Faraday to Mary Somerville   12 October 1835

Royal Institution | 12 Oct 1835

Dear Mrs. Somerville

I have been making some experiments with the papers but do not succeed in obtaining so good & regular a result as I wished & believed I might obtain1[.]

In the first place the precipitates made upon the paper are not so sensible or regular as that first found & washed & applied in the normal way the excess of the muriate or nitrate used & the resulting salt formed interfering with action of light by retarding more or less the change and that in an irregular manner[.] Chloride produced on the paper is therefore nothing like so regular in its change as chloride previously precipitated & well washed[.]

In the next place I do not find that I can lay a more regular coat of the substance on the method I mentioned than by using the moist precipitated chloride & a camel hair pencil[.]

I suspect your chloride is a good deal discovered[.] I will therefore precipitate & wash some and send it to you in the moist state[.] Allow me to suggest that when you refer to and apply it to paper for your experiments you do so in a dark place or by candle light only & then you may keep it for a long time in good condition[.]

I send also Biots report for your inspection2[.]

Every Your faithful Servant | M. Faraday

Mrs.
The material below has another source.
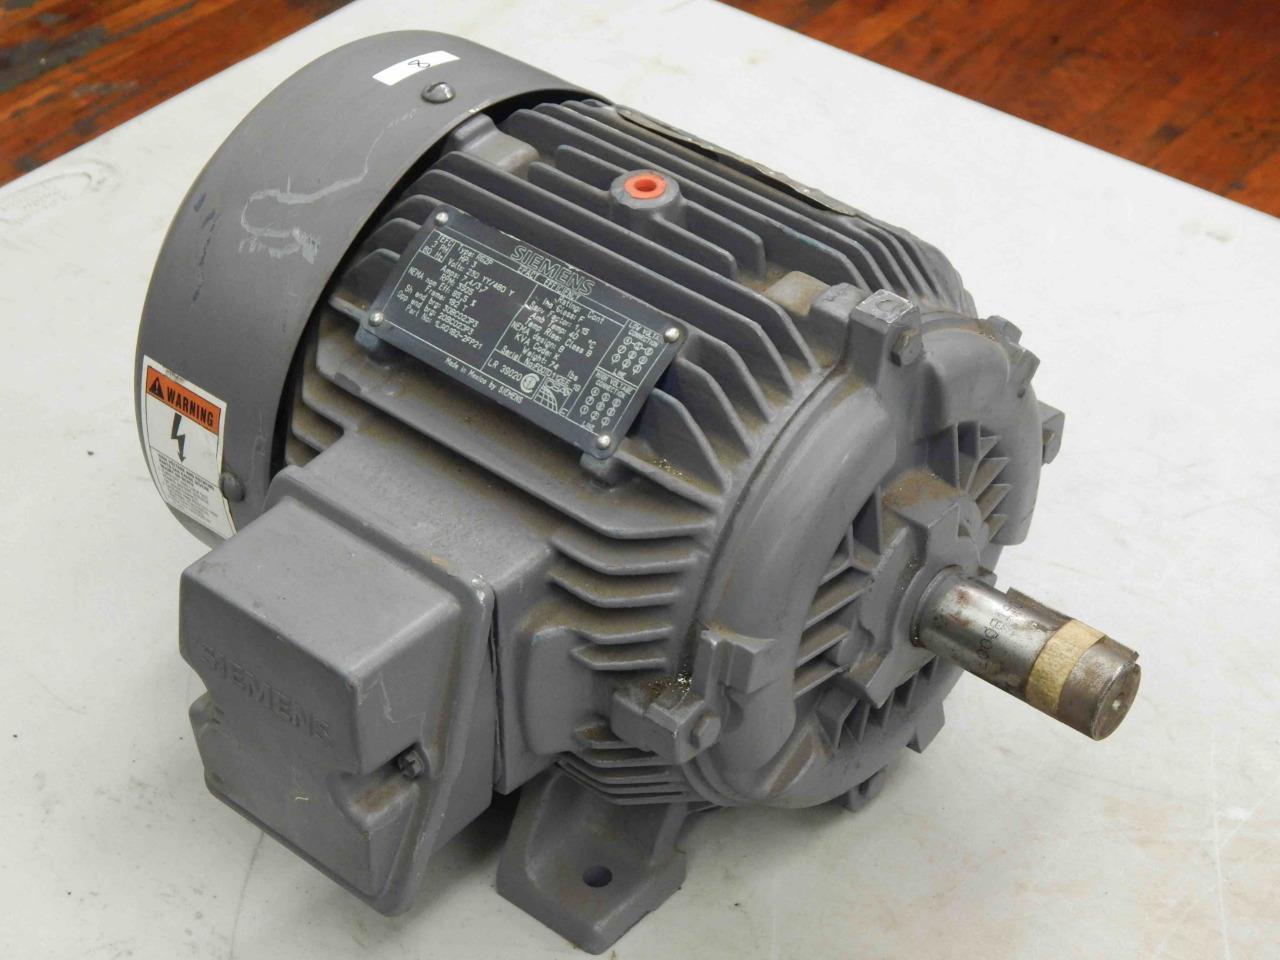 #8 Siemens Motor 1LA0182-2FP21 RGZP TEFC 3-HP 230/460V ...

Somerville

See Somerville (1836) and Patterson (1983), 173-4 for details of these experiments of Somerville's.
Biot (1835).

Bibliography

BIOT, Jean-Baptiste (1835): “Rapport fait à l'Académie des Sciences, sur les Expériences de M. Melloni, relatives à la chaleur Rayonnante”, Mém. Acad. Sci., 14: 433-572.

PATTERSON, Elizabeth Chambers (1983): Mary Somerville and the Cultivation of Science, 1815-1840, Boston.

SOMERVILLE, Mary (1836): “Expériences sur la transmission des rayons chimiques du spectre solaire, à travers différents milieux”, Comptes Rendus, 3: 473-6.